• YOUR ASSIGNMENT
Return the lines of the listing below exactly as they appear, beginning at the one with "Charging bull market" and stopping after the one with "Greeting card, banner"; do not include pictures.

• WORKING DATA

+ + + + + + +

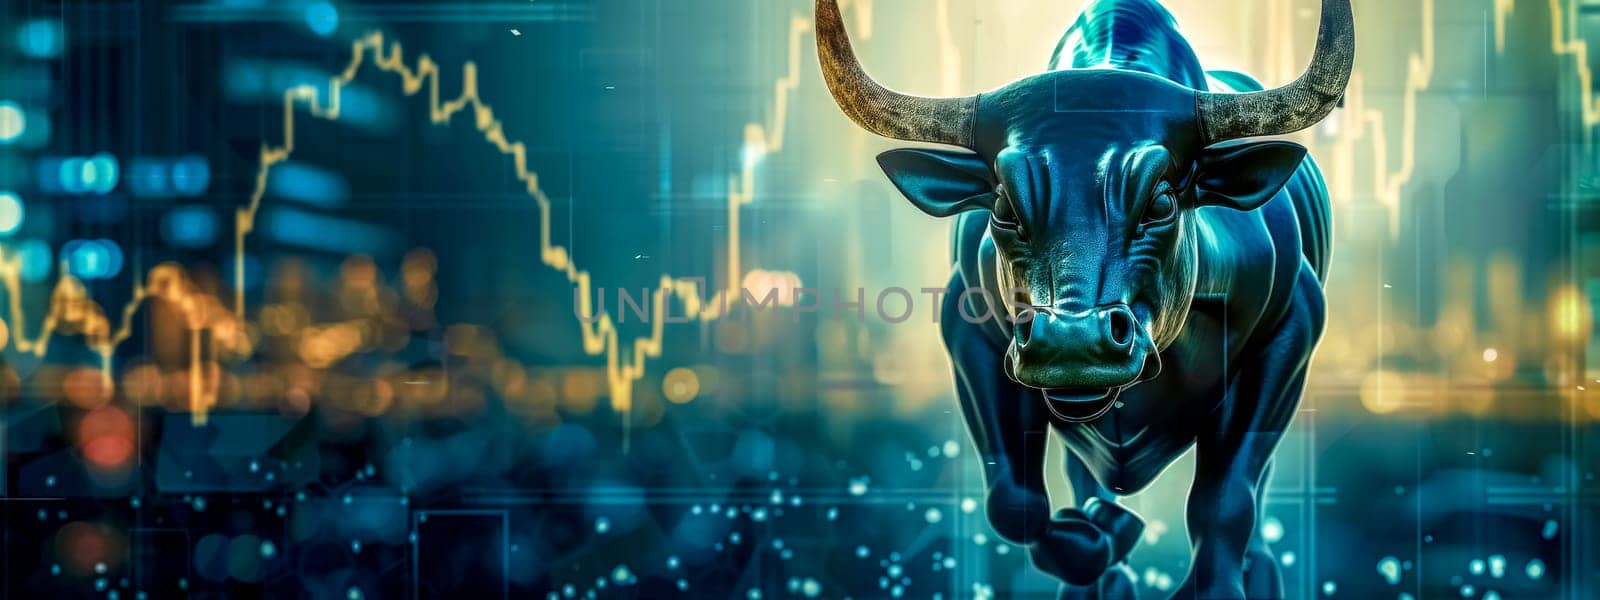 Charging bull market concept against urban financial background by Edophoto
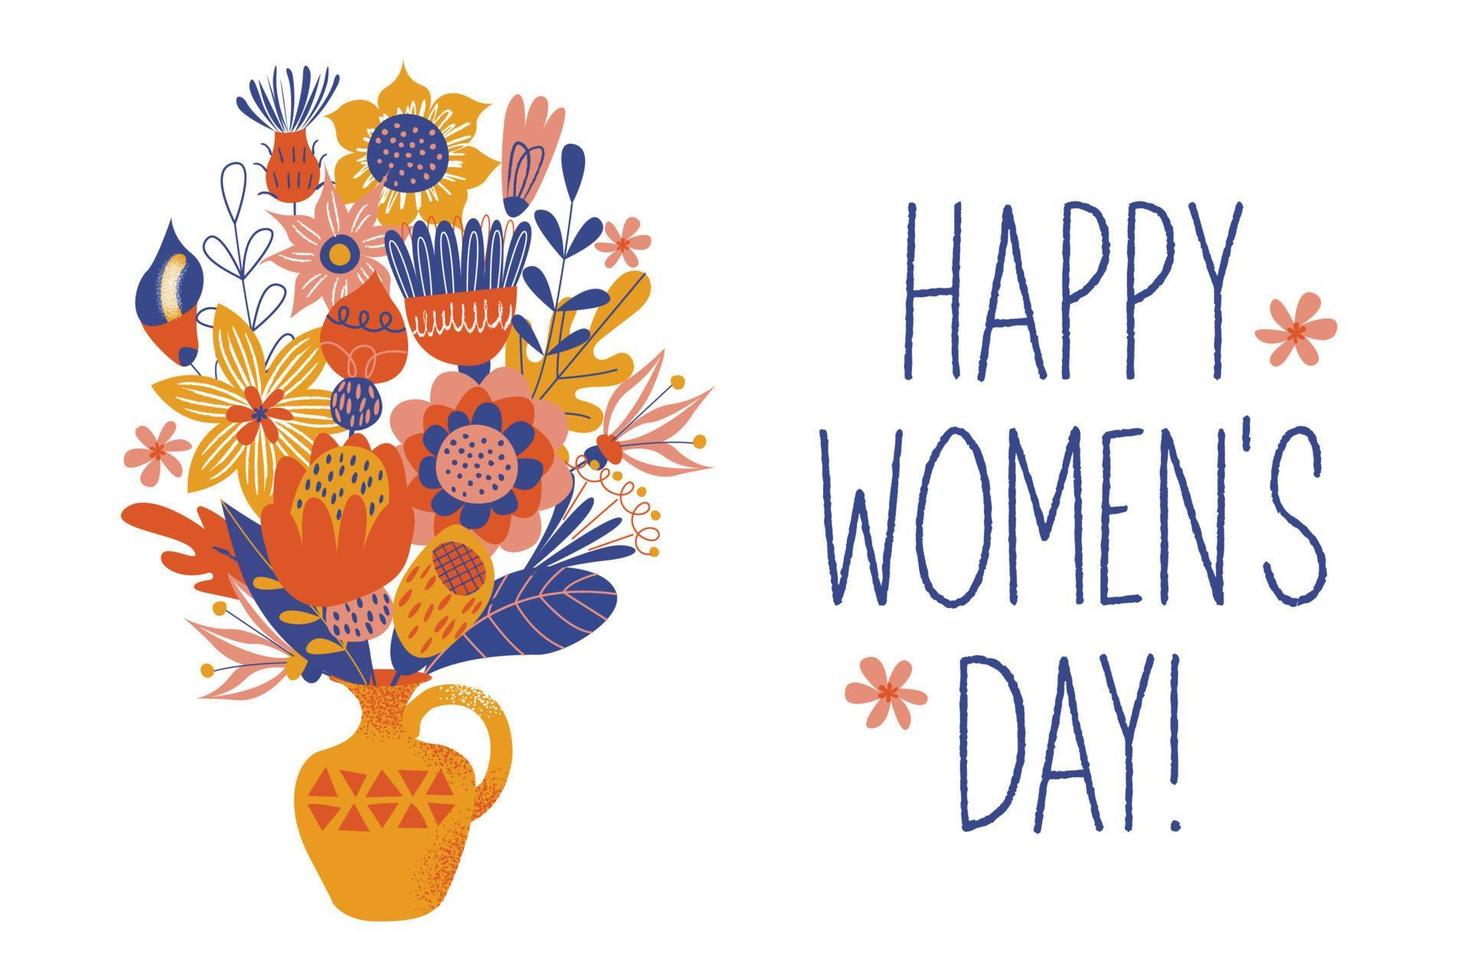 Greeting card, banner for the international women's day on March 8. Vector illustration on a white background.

+ + + + + + +

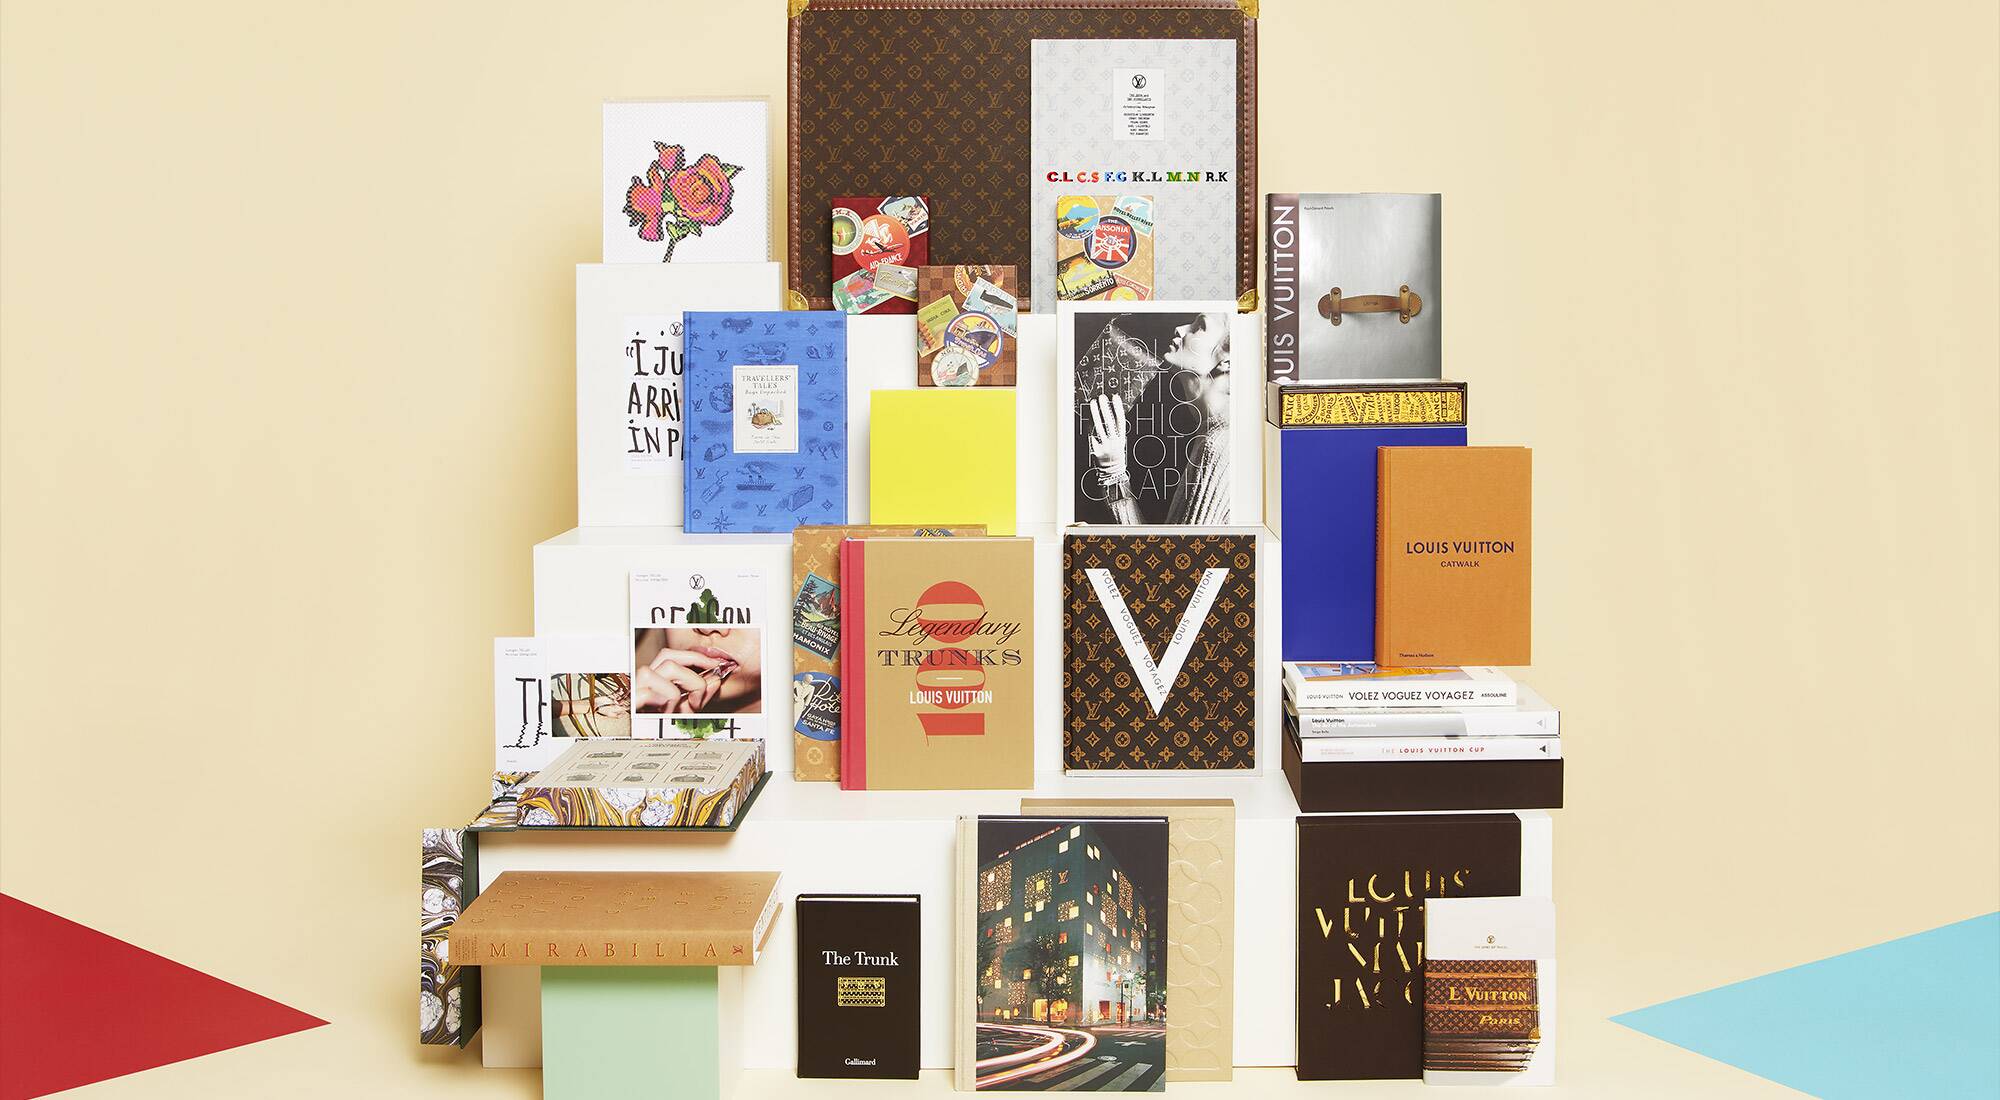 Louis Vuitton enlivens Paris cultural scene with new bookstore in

+ + + + + + +

• SOLUTION FOR THIS EXERCISE
 Charging bull market concept against urban financial background by Edophoto
 Greeting card, banner for the international women's day on March 8. Vector illustration on a white background.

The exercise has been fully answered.